In "Reflecting On One Very, Very Strange Year At Uber," engineer Susan J. Fowler recounted a series of incidences of sexual harassment by co-workers she said were dismissed by human resources and common among a "dwindling" number of female colleagues at the company. Above, a the Uber app logo was photographed on a mobile telephone, as it was held up for a posed image in central London, Oct. 28, 2016. Reuters

A former Uber Technologies engineer’s blog post on sexual harassment within the ride-sharing company went viral Sunday, describing the engineering organization within the company as having “dwindling numbers of women” as a result of a culture of sexism and derogatory behavior toward women. But much of Uber’s sexual harassment and assault issues have, at least publicly, been tied to its driving service, rather than to its corporate culture.

Uber does not make the numbers public, and recent reports peg the incidences at anywhere between 170 and several thousand over a span of two and a half years. The company did not respond to requests for data on the matter from International Business Times by press time.

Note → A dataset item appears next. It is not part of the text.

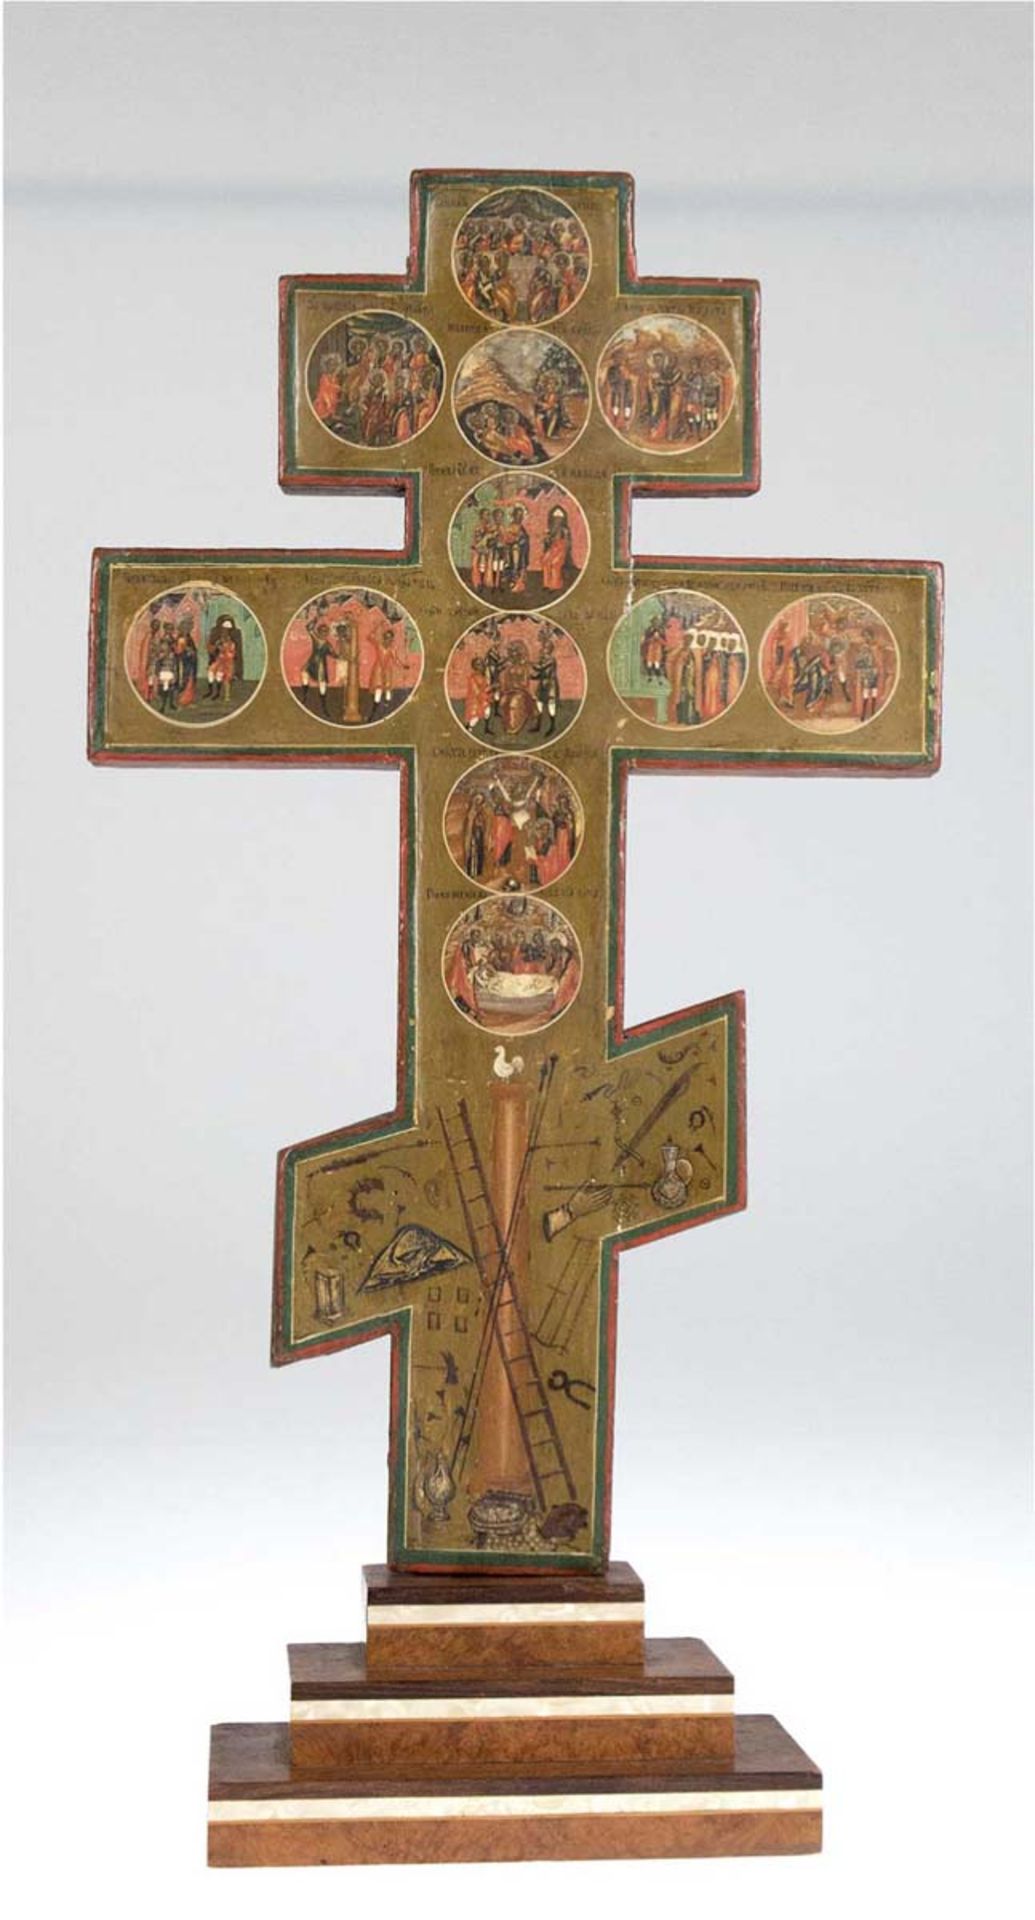 Prozessionskreuz, Ende 18. Jh., Ei/Öl/Tempera auf Holz, doppelseitig bemalt mitFesttagsthemen, auf

Using a screenshot from a service representative with the San Francisco-based company, BuzzFeed found in March that a search query for “sexual assault” within Uber’s customer support ticketing system yielded 6,160 results, or 6,160 cases, for the period between December 2012 and August 2015. Plugging in the search term “rape” resulted in 5,827 tickets, while “assault” revealed 3,524 and “sexually assaulted” yielded 382. In the same report, BuzzFeed obtained data from the company indicating that it had received “fewer than” 170 sexual assault claims and five claims of rape over the same time span.

In a response to the BuzzFeed article, Uber’s heads of communications, safety and global support attributed the thousands of results to misspellings of the word “rate,” words and names that contain the word “rape” and discussions of the issue by passengers who were not personally facing assault.

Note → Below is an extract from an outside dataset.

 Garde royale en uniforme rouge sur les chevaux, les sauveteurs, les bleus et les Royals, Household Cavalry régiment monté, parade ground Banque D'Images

A January 2015 report by the libertarian Cato Institute found ride-sharing services provided by Uber and its main competitor, Lyft Inc., to be about as safe as taking a cab, which, for drivers, was not exactly reassuring. Between 1998 and 2007, the homicide rate for taxi drivers stood as between nine and 19 per 100,000 workers — or, in other words, between 21 and 33 times the national average for all workers, according to the Bureau of Labor Statistics.

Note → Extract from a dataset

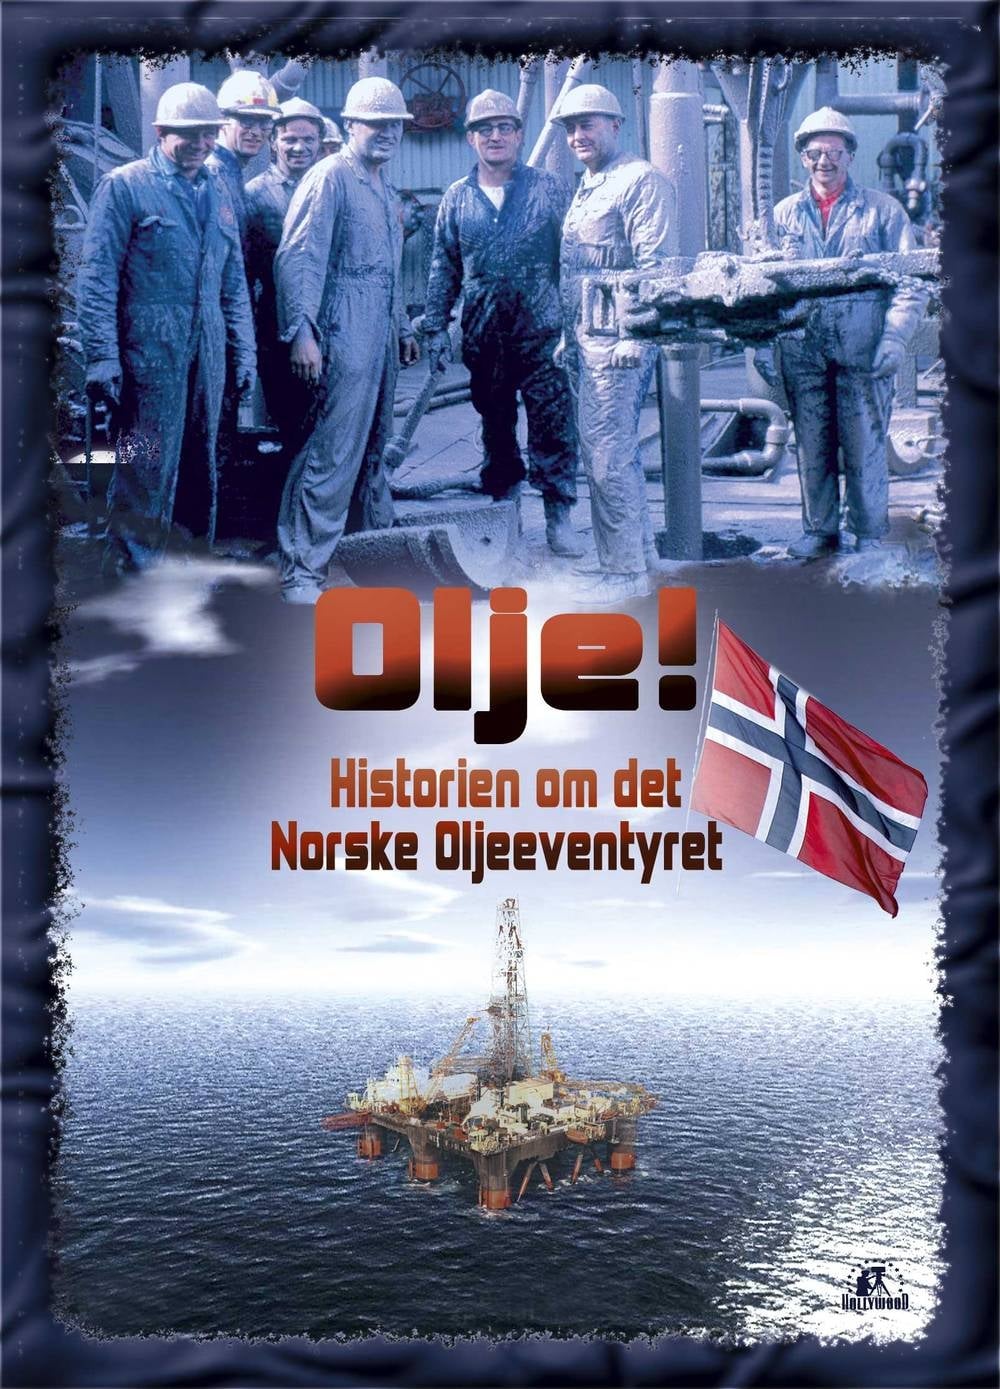 Olje - Historien om det norske oljeeventyret TV Shows About Oil Industry

The website WhosDrivingYou.org, created by the Taxicab, Limousine & Paratransit Association, a trade group, has tallied dozens of incidents of sexual assaults, deaths and kidnappings involving ride-sharing services as they’ve been reported in the media, with a timeline stretching back to July 2014.

In November, Uber settled a lawsuit, filed by two women who alleged they had been sexually assaulted by drivers, for an undisclosed amount. The drivers were contractors, not employees, freeing the company of responsibility.

The settlement came about a year and a half after Uber launched a new system allowing passengers to update their loved ones with their whereabouts, along with a “safety and security team” of dozens of employees tasked with rolling out new safety measures for both passengers and drivers.